• TASK OBJECTIVE: Nothing but an exact copy is asked for: the lines in the material below from the one with "Pullover con girocollo, 100%" through the one with "Valery Bykovsky signed", pictures excluded.

• MATERIAL SUPPLIED:
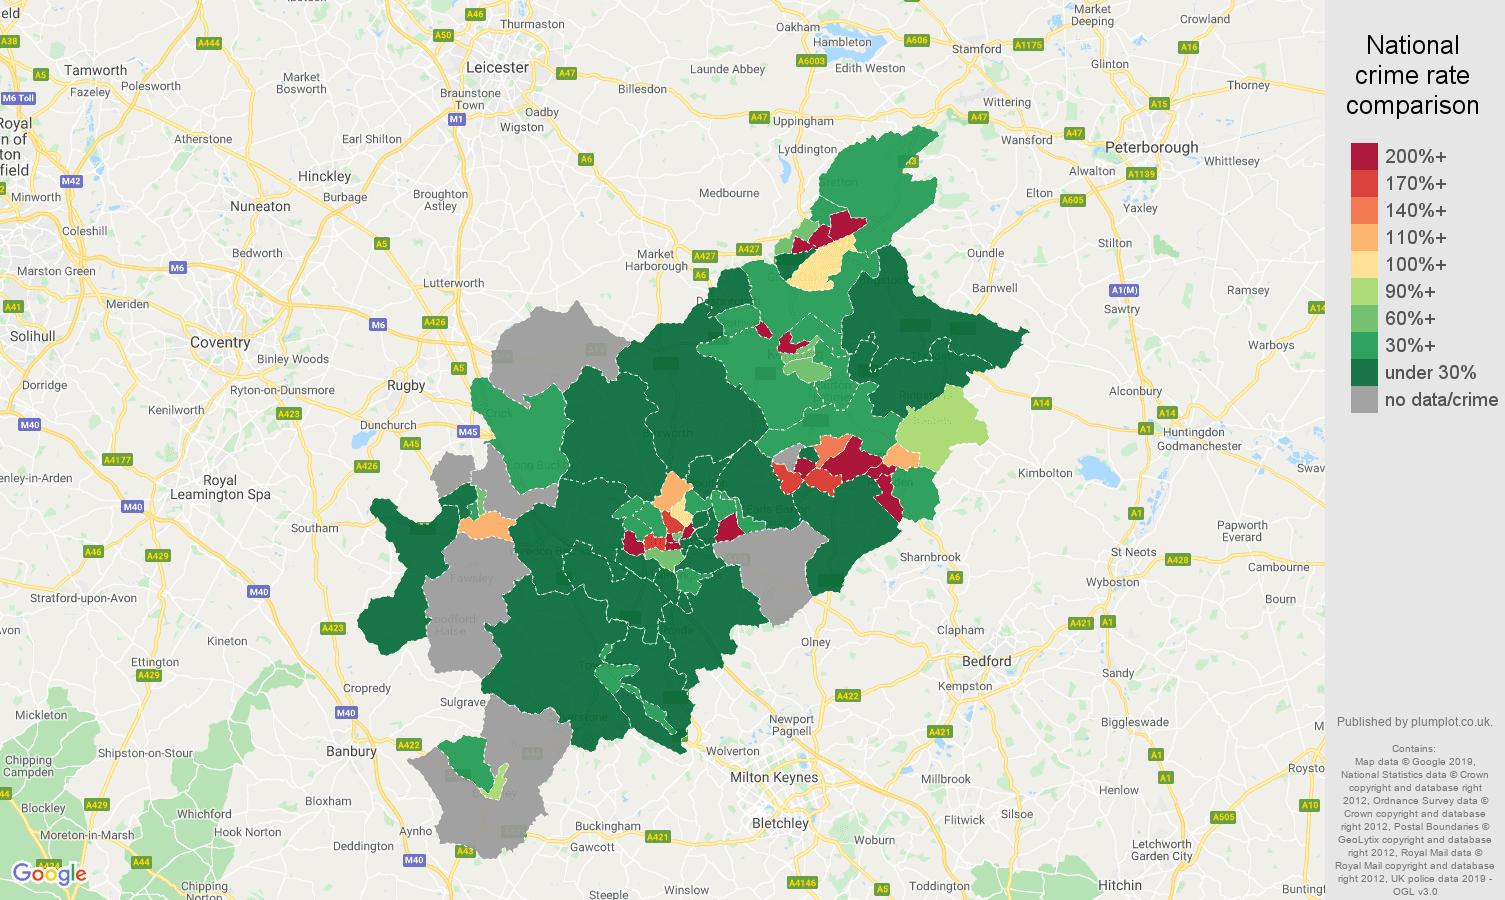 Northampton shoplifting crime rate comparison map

---

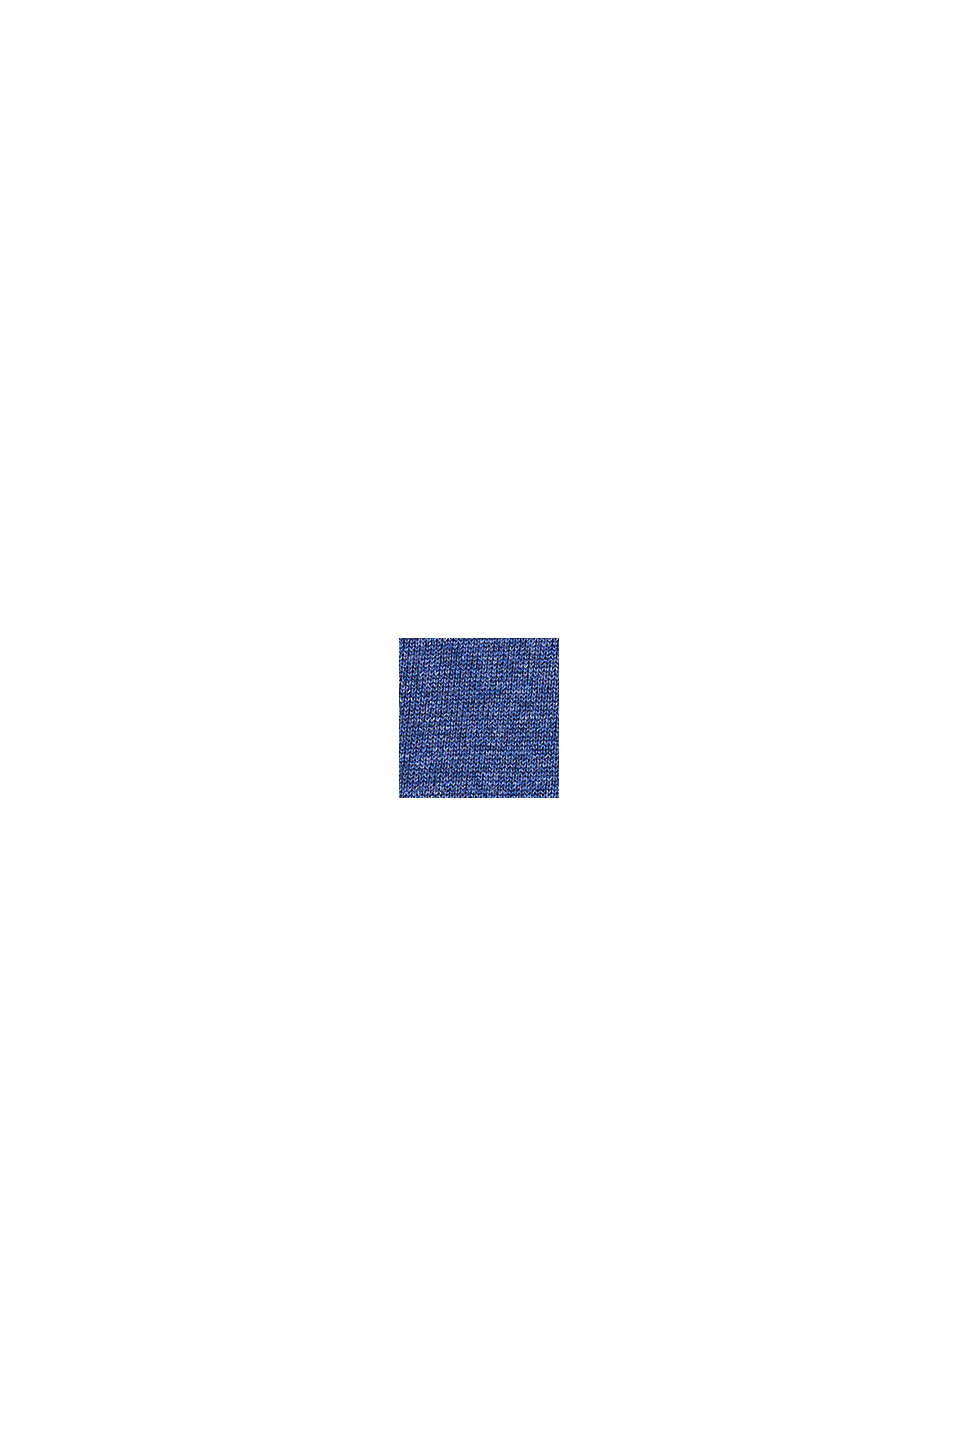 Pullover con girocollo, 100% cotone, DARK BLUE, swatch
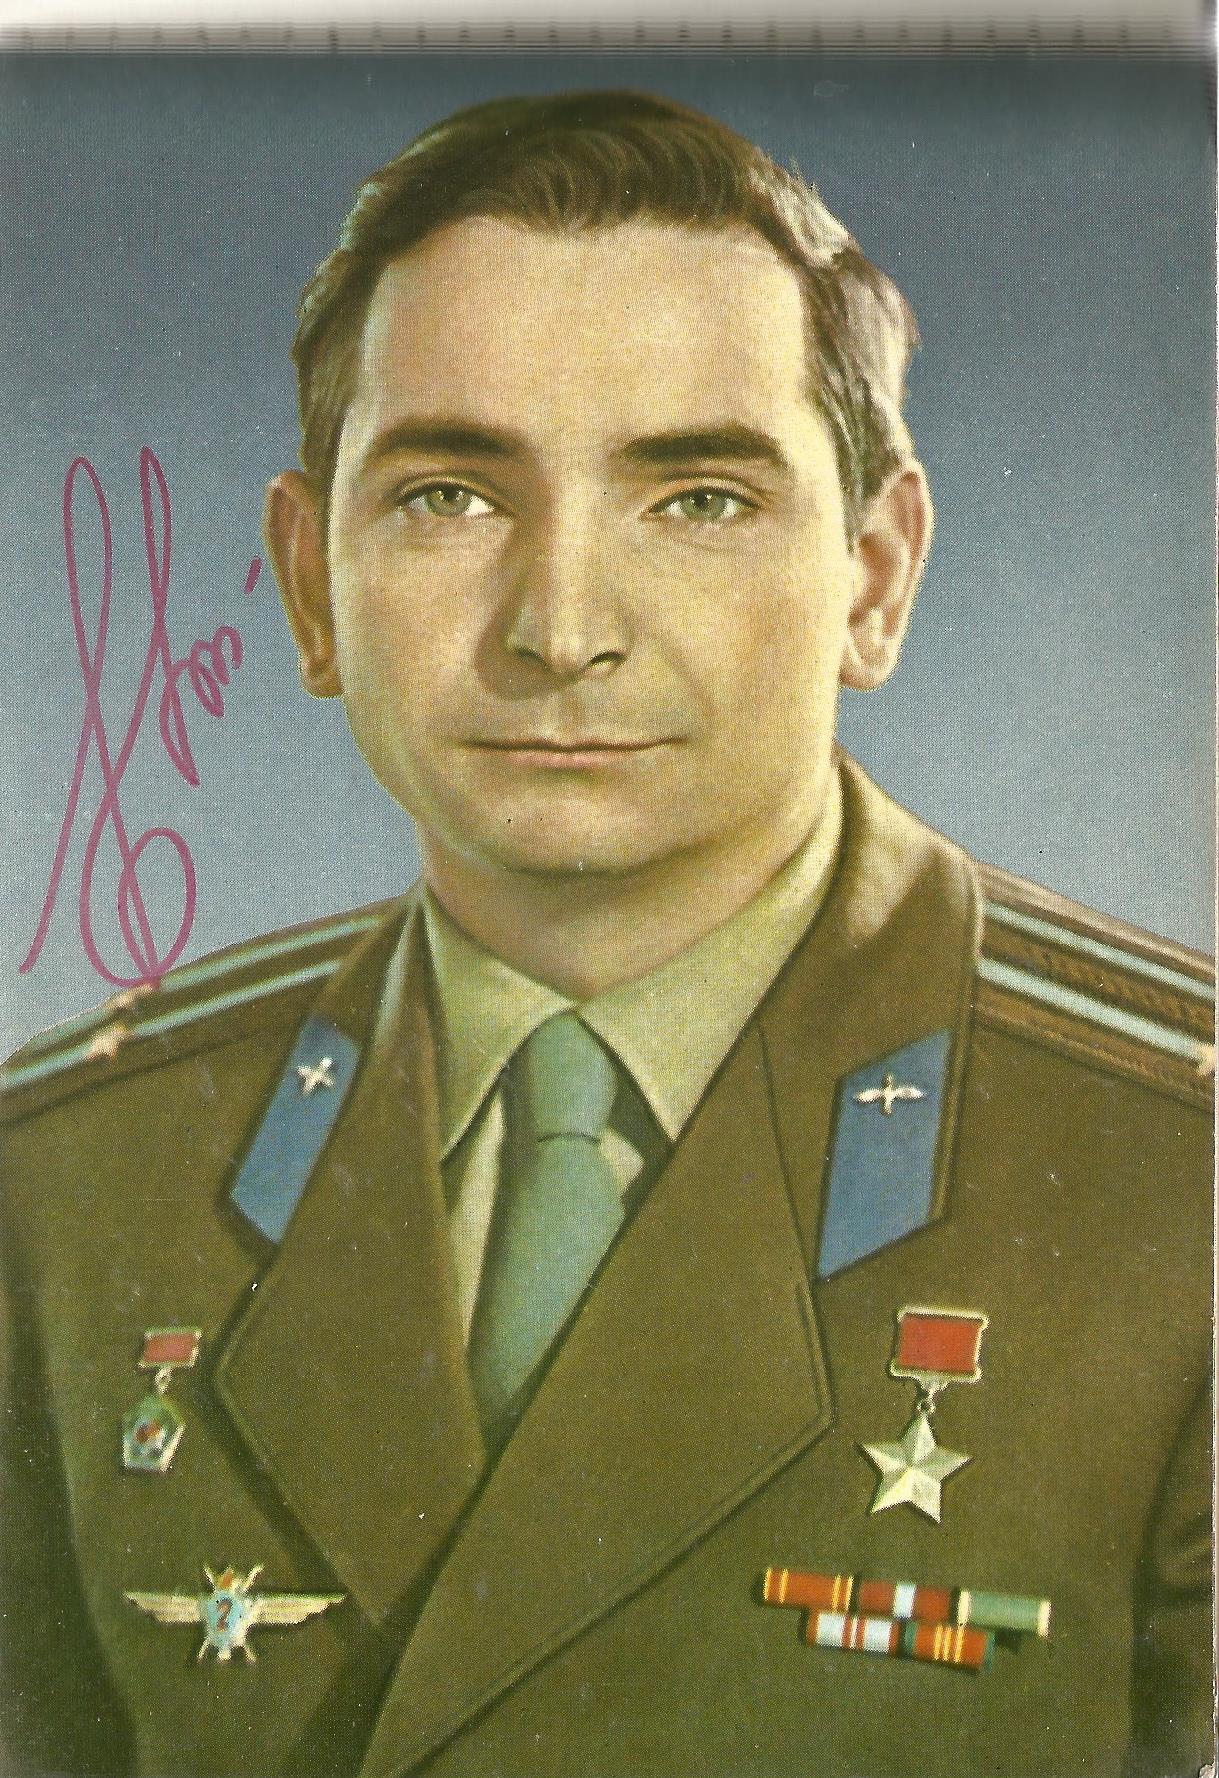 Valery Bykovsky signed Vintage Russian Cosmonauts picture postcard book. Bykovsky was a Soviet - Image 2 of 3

==

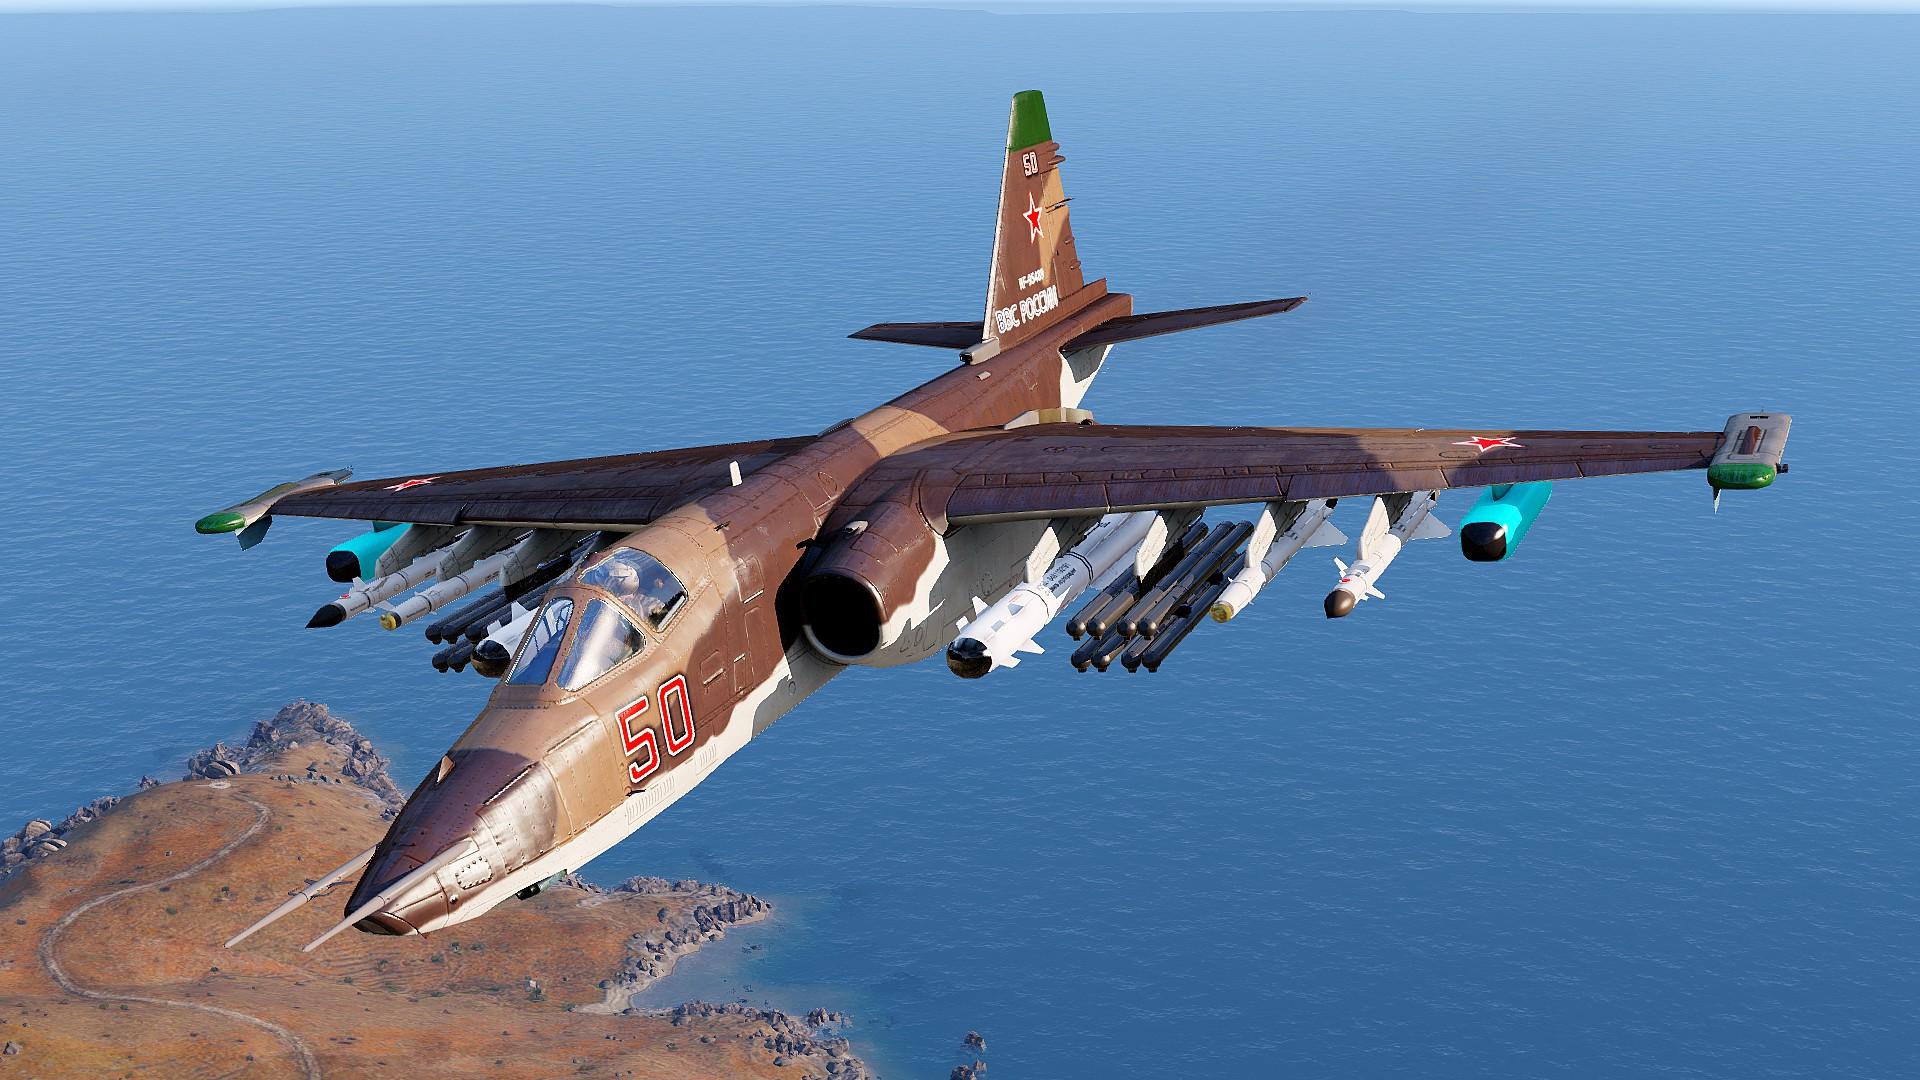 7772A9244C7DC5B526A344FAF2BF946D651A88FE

• SOLUTION FOR THIS TASK:
 Pullover con girocollo, 100% cotone, DARK BLUE, swatch
 Valery Bykovsky signed Vintage Russian Cosmonauts picture postcard book. Bykovsky was a Soviet - Image 2 of 3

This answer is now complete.